▶ _ACTIVITY_
I'd like the data below restated word for word, with the pictures left out.

-- AVAILABLE DATA follows --

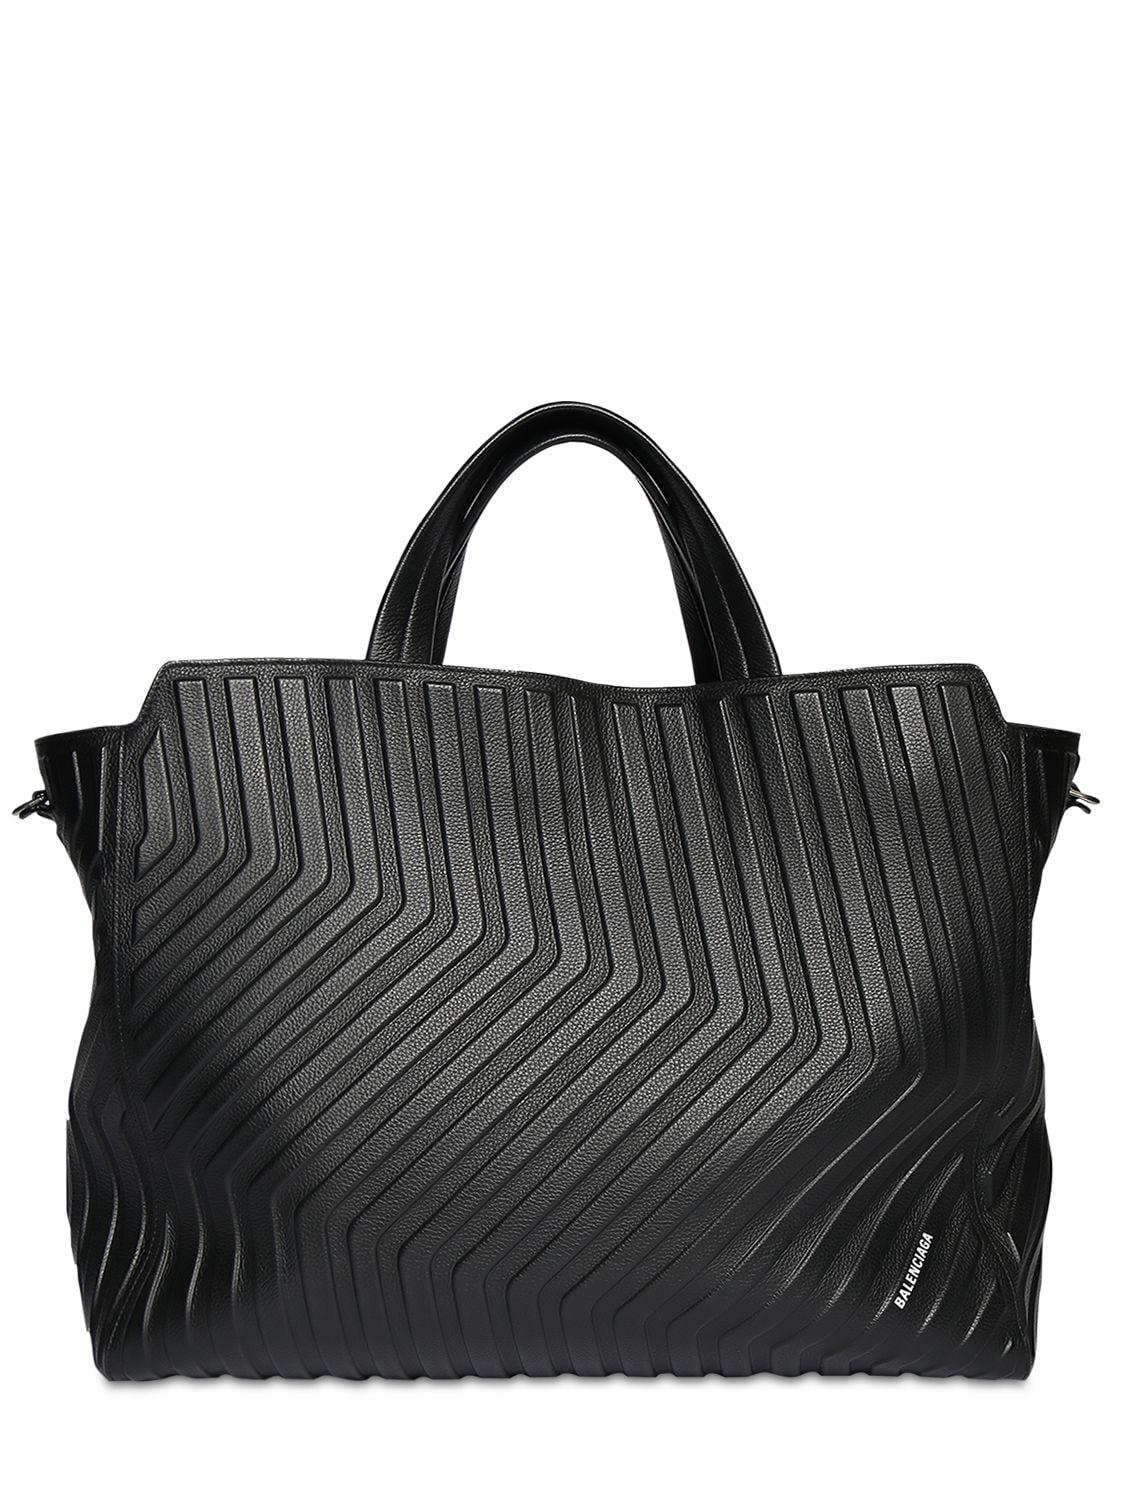 Balenciaga - East-west leather tote bag - Black | Luisaviaroma
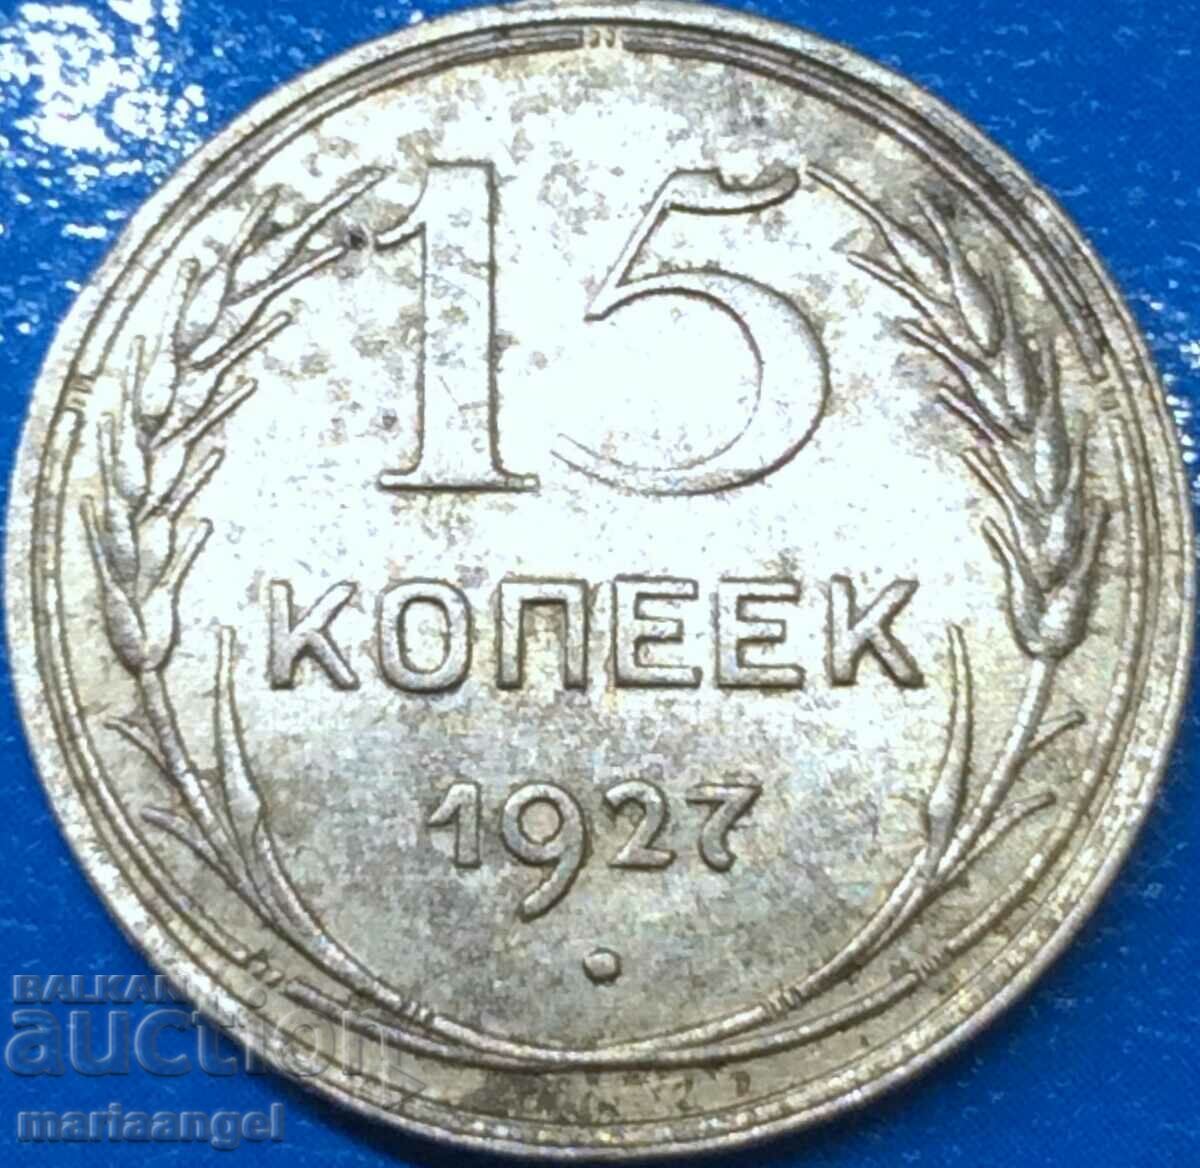 15 kopecks 1927 Russia USSR ruler Stalin silver
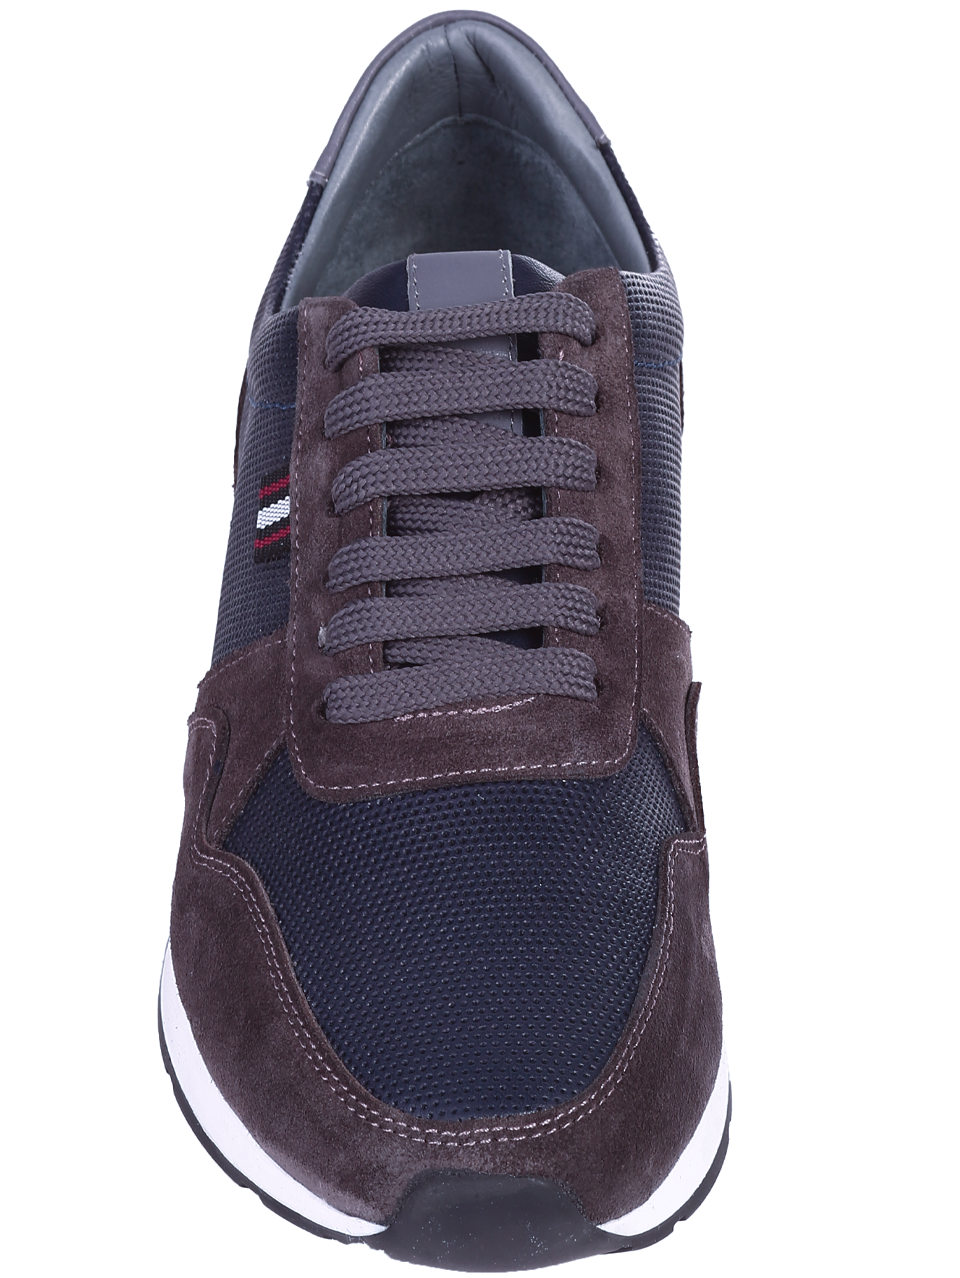 Ежедневни мъжки обувки от естествена кожа 7AT-24363 grey/navy

-- AVAILABLE DATA concluded --

▶ _OUTPUT OF THE EXERCISE_
 Balenciaga - East-west leather tote bag - Black | Luisaviaroma
 15 kopecks 1927 Russia USSR ruler Stalin silver
 Ежедневни мъжки обувки от естествена кожа 7AT-24363 grey/navy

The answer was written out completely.